= Vítor Alves (soldier) =

Portuguese soldier and politician

Vitor Manuel Rodrigues Alves (30 September 1935 Mafra, Portugal – 9 January 2011) was a Portuguese soldier and politician. Alves, a former Captain of the Movimento das Forças Armadas (MFA), is regarded as a leading figure in the Carnation Revolution, which transitioned Portugal from an authoritarian dictatorship to a democracy.

==Biography==
Born in Mafra, he was the son of Eduardo Manuel da Silva Alves and D. Maria Palmira Rodrigues.

He joined the Military School on 14 October 1954, and was a corporal by 1956, before attaining the rank of ensign in the infantry (1 November 1958). He obtained his first military commission to Mozambique (1958–1963); where he was assigned to the 2nd Division Regional Military detachment in Mozambique, obtaining the position of Lieutenant by 1 December 1960.

He was married on 29 March 1962, in the provincial town of Lourenço Marques, to Maria Teresa Gomes Ferreira de Almeida Alves, daughter of Eugénio Ferreira de Almeida and Ermelinda Teixeira Gomes.

Alves continued a successful military assignment with his promotion to Captain (14 July 1963), before being reassigned to a military commission in Angola (1963–1966). Before being included in the military commission in Angola (1967–1970), he was decorated with the Medal of Military Merit, 3rd Class in 1969. He was also decorated with the Governor General's Prize in Angola (1969) and Silver Medal for distinct service (1970).

===Carnation Revolution===
He was a well-respected career soldier, he obtained the status of Major by 1 March 1972.
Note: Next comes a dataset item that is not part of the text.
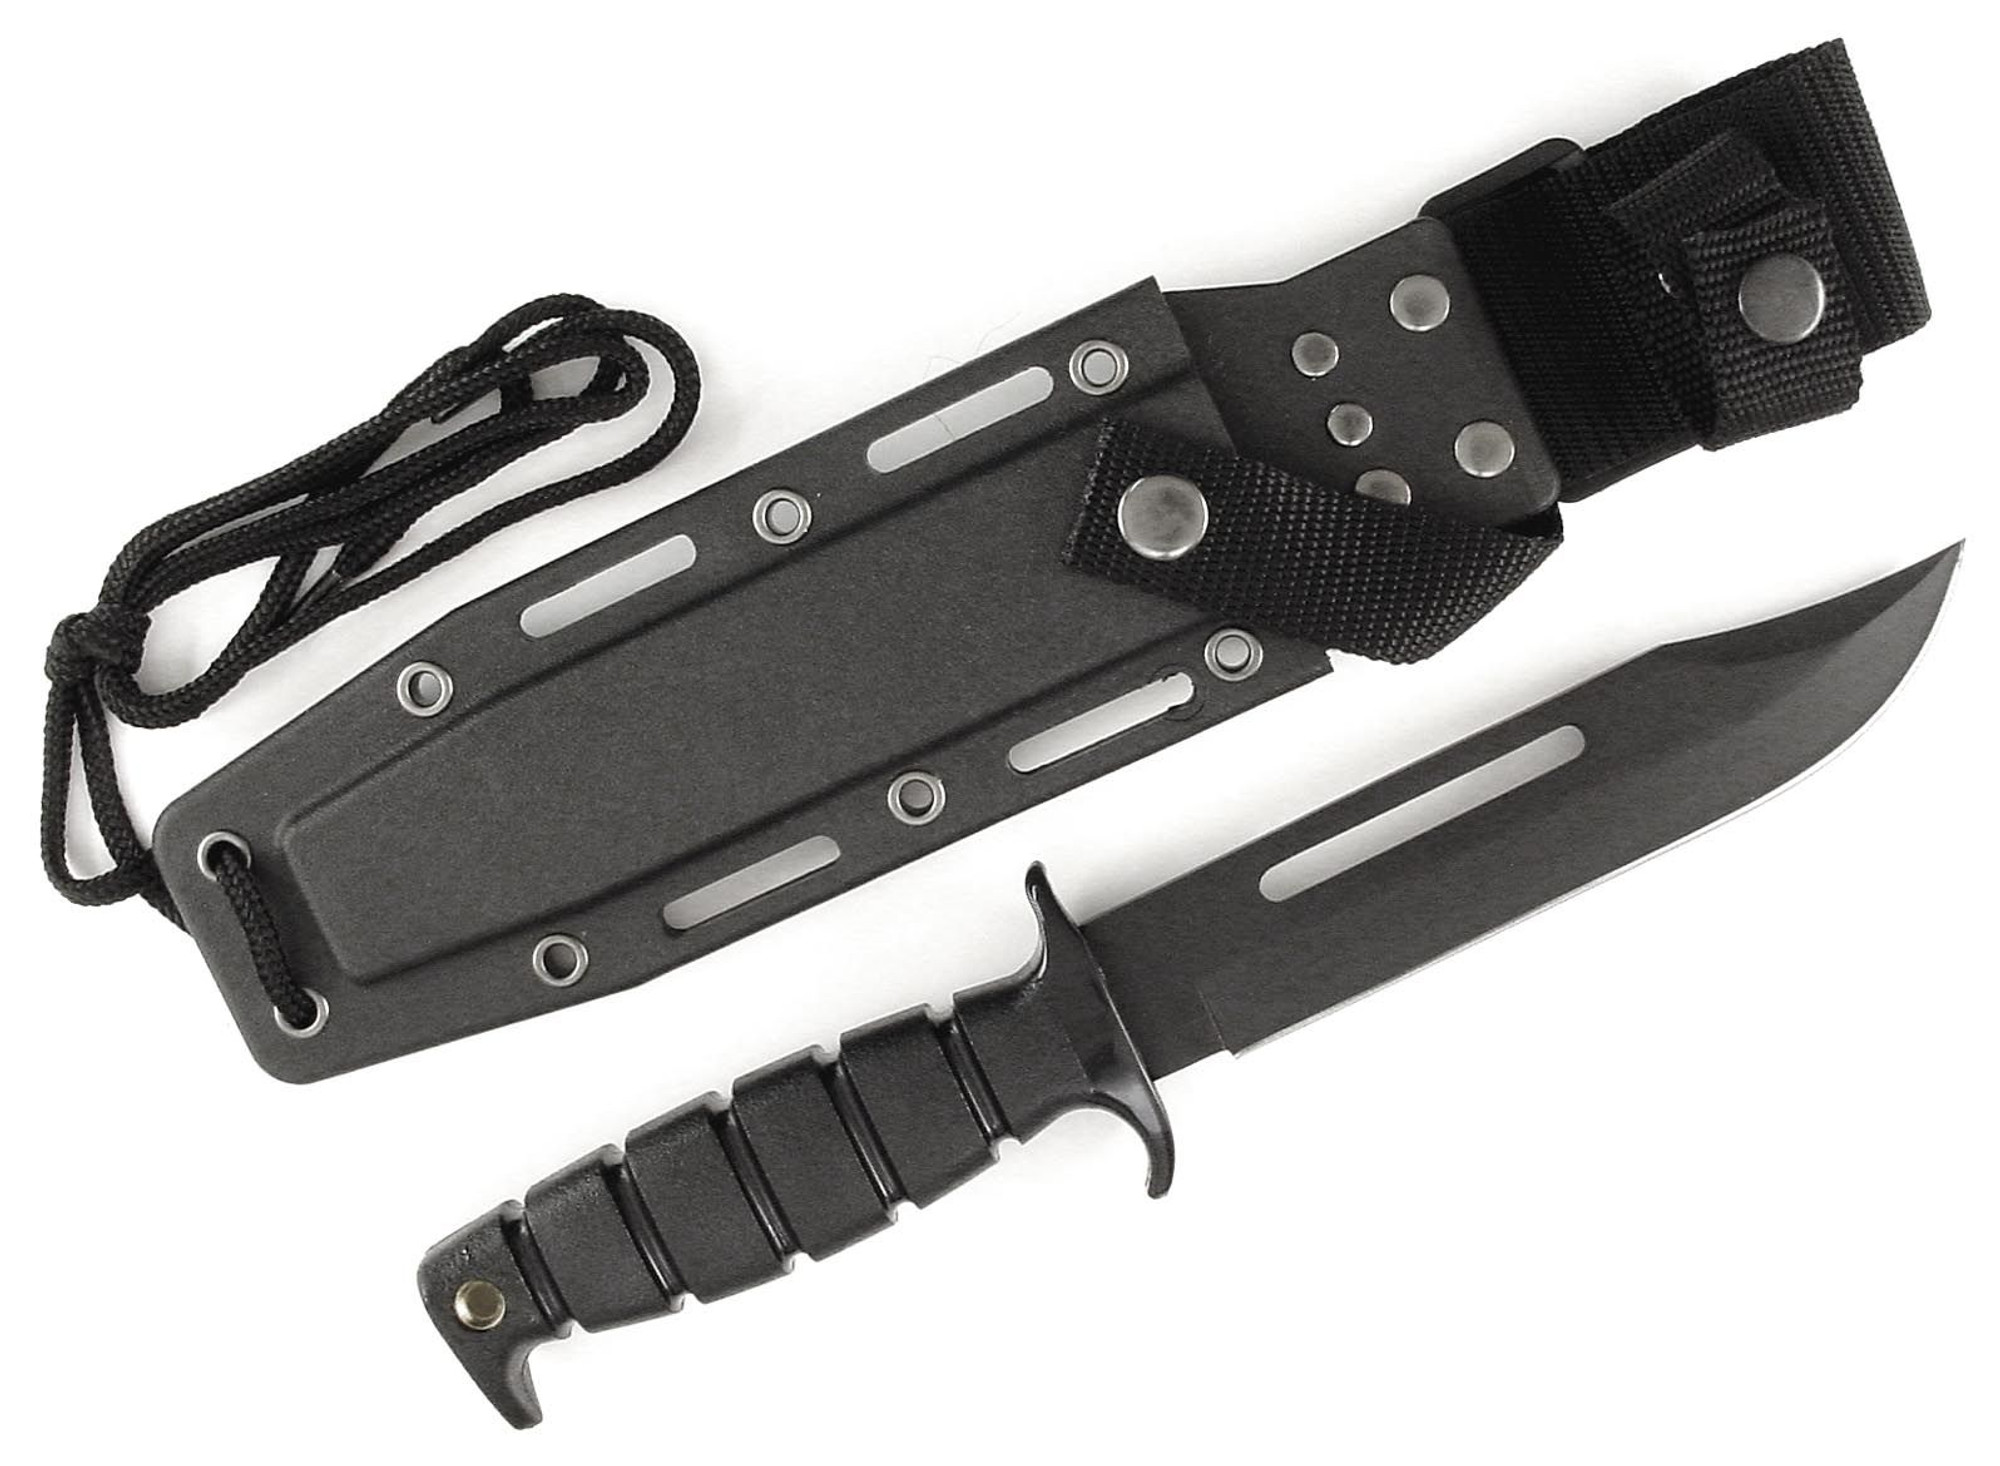 RUKO K1061A, S45C, 6-3/4" Fixed Blade Combat Knife, Rubber Handle

He became an active member of the group Direcção do Movimento dos Capitães of the MFA by 1973 and member of the political commission of the MFA by 8 March 1974. Alves helped to ensure that the uprising was not merely a military coup. At the time, his home was used by the conspirators for secret meetings, where he promoted the idea of including the generals in the National Salvation Junta, in order to give the revolution respectability. What followed was a full-scale civil revolution on the heels of a military coup.

During the Hot Summer (Verão Quente) period, Alves twice served as a government minister (defence and education) and once without portfolio, as a spokesman for the MFA. One of his projects during this period was a series of laws to help liberalize media activity, which were implemented until 1999.

===Later life===
In 1982, Alves was appointed as an advisor to Portuguese President Ramalho Eanes. Alves later reached the rank of Colonel before transitioning into the army reserves in 1991, then retiring in 2001.

Alves died from cancer at the Hospital Militar in Lisbon, Portugal, on 9 January 2011, at the age of 75. He had been hospitalized for a period of time. His colleague, Otelo de Carvalho remembered Alves as "...an extremely important figure. He was always very moderate, always insisting that we should be realistic. And his arguments convinced us. He was a diplomat, and a gentleman to boot."